REQUIREMENT: The records should be copied out again with no alteration.

DATA TO EXAMINE:

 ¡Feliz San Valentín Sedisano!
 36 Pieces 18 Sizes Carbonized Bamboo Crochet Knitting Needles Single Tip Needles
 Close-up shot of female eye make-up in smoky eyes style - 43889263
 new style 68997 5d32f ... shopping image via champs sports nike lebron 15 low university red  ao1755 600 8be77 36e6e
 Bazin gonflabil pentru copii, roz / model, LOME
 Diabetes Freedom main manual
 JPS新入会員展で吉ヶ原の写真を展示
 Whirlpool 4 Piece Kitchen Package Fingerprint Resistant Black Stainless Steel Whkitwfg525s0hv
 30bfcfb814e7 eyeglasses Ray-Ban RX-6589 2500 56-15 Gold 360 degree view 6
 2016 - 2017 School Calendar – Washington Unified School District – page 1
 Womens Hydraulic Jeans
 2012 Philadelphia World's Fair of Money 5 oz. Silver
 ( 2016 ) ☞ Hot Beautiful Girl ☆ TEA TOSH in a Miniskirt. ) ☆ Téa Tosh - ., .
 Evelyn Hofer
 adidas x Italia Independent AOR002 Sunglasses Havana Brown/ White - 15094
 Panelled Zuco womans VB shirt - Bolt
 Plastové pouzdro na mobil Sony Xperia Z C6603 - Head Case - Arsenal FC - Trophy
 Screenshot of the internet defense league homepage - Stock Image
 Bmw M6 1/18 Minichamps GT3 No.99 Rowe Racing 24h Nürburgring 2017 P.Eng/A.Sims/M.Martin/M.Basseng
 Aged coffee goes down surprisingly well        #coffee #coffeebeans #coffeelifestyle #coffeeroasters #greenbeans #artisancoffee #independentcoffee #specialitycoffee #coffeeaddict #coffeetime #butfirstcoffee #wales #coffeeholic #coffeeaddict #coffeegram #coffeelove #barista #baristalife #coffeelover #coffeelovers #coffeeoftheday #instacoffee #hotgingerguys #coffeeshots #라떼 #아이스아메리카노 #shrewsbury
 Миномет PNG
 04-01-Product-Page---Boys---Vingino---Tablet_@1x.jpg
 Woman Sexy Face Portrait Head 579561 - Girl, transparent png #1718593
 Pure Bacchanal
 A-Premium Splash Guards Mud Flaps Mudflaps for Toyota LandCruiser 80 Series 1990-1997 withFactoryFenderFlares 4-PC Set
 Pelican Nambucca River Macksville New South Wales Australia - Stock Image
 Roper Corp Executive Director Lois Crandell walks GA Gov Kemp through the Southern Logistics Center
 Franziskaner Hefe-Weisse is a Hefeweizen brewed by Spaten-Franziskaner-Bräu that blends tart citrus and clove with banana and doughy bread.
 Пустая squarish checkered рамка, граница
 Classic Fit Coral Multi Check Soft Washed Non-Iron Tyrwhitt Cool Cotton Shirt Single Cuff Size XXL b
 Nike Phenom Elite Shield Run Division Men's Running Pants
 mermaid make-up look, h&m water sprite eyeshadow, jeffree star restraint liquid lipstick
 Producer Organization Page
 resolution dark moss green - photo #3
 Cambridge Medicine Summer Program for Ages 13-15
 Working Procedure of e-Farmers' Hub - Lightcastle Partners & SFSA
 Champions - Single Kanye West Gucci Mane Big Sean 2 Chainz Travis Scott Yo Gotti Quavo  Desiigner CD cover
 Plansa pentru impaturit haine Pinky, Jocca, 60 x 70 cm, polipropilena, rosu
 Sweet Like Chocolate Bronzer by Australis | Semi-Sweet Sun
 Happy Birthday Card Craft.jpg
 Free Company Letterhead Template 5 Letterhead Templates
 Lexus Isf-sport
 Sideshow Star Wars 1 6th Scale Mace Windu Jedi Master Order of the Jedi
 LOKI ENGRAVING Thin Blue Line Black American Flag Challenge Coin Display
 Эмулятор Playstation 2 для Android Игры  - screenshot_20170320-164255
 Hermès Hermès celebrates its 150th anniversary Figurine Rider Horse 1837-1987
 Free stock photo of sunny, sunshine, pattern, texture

RESPONSE TO THE TASK:
 ¡Feliz San Valentín Sedisano!
 36 Pieces 18 Sizes Carbonized Bamboo Crochet Knitting Needles Single Tip Needles
 Close-up shot of female eye make-up in smoky eyes style - 43889263
 new style 68997 5d32f ... shopping image via champs sports nike lebron 15 low university red  ao1755 600 8be77 36e6e
 Bazin gonflabil pentru copii, roz / model, LOME
 Diabetes Freedom main manual
 JPS新入会員展で吉ヶ原の写真を展示
 Whirlpool 4 Piece Kitchen Package Fingerprint Resistant Black Stainless Steel Whkitwfg525s0hv
 30bfcfb814e7 eyeglasses Ray-Ban RX-6589 2500 56-15 Gold 360 degree view 6
 2016 - 2017 School Calendar – Washington Unified School District – page 1
 Womens Hydraulic Jeans
 2012 Philadelphia World's Fair of Money 5 oz. Silver
 ( 2016 ) ☞ Hot Beautiful Girl ☆ TEA TOSH in a Miniskirt. ) ☆ Téa Tosh - ., .
 Evelyn Hofer
 adidas x Italia Independent AOR002 Sunglasses Havana Brown/ White - 15094
 Panelled Zuco womans VB shirt - Bolt
 Plastové pouzdro na mobil Sony Xperia Z C6603 - Head Case - Arsenal FC - Trophy
 Screenshot of the internet defense league homepage - Stock Image
 Bmw M6 1/18 Minichamps GT3 No.99 Rowe Racing 24h Nürburgring 2017 P.Eng/A.Sims/M.Martin/M.Basseng
 Aged coffee goes down surprisingly well        #coffee #coffeebeans #coffeelifestyle #coffeeroasters #greenbeans #artisancoffee #independentcoffee #specialitycoffee #coffeeaddict #coffeetime #butfirstcoffee #wales #coffeeholic #coffeeaddict #coffeegram #coffeelove #barista #baristalife #coffeelover #coffeelovers #coffeeoftheday #instacoffee #hotgingerguys #coffeeshots #라떼 #아이스아메리카노 #shrewsbury
 Миномет PNG
 04-01-Product-Page---Boys---Vingino---Tablet_@1x.jpg
 Woman Sexy Face Portrait Head 579561 - Girl, transparent png #1718593
 Pure Bacchanal
 A-Premium Splash Guards Mud Flaps Mudflaps for Toyota LandCruiser 80 Series 1990-1997 withFactoryFenderFlares 4-PC Set
 Pelican Nambucca River Macksville New South Wales Australia - Stock Image
 Roper Corp Executive Director Lois Crandell walks GA Gov Kemp through the Southern Logistics Center
 Franziskaner Hefe-Weisse is a Hefeweizen brewed by Spaten-Franziskaner-Bräu that blends tart citrus and clove with banana and doughy bread.
 Пустая squarish checkered рамка, граница
 Classic Fit Coral Multi Check Soft Washed Non-Iron Tyrwhitt Cool Cotton Shirt Single Cuff Size XXL b
 Nike Phenom Elite Shield Run Division Men's Running Pants
 mermaid make-up look, h&m water sprite eyeshadow, jeffree star restraint liquid lipstick
 Producer Organization Page
 resolution dark moss green - photo #3
 Cambridge Medicine Summer Program for Ages 13-15
 Working Procedure of e-Farmers' Hub - Lightcastle Partners & SFSA
 Champions - Single Kanye West Gucci Mane Big Sean 2 Chainz Travis Scott Yo Gotti Quavo  Desiigner CD cover
 Plansa pentru impaturit haine Pinky, Jocca, 60 x 70 cm, polipropilena, rosu
 Sweet Like Chocolate Bronzer by Australis | Semi-Sweet Sun
 Happy Birthday Card Craft.jpg
 Free Company Letterhead Template 5 Letterhead Templates
 Lexus Isf-sport
 Sideshow Star Wars 1 6th Scale Mace Windu Jedi Master Order of the Jedi
 LOKI ENGRAVING Thin Blue Line Black American Flag Challenge Coin Display
 Эмулятор Playstation 2 для Android Игры  - screenshot_20170320-164255
 Hermès Hermès celebrates its 150th anniversary Figurine Rider Horse 1837-1987
 Free stock photo of sunny, sunshine, pattern, texture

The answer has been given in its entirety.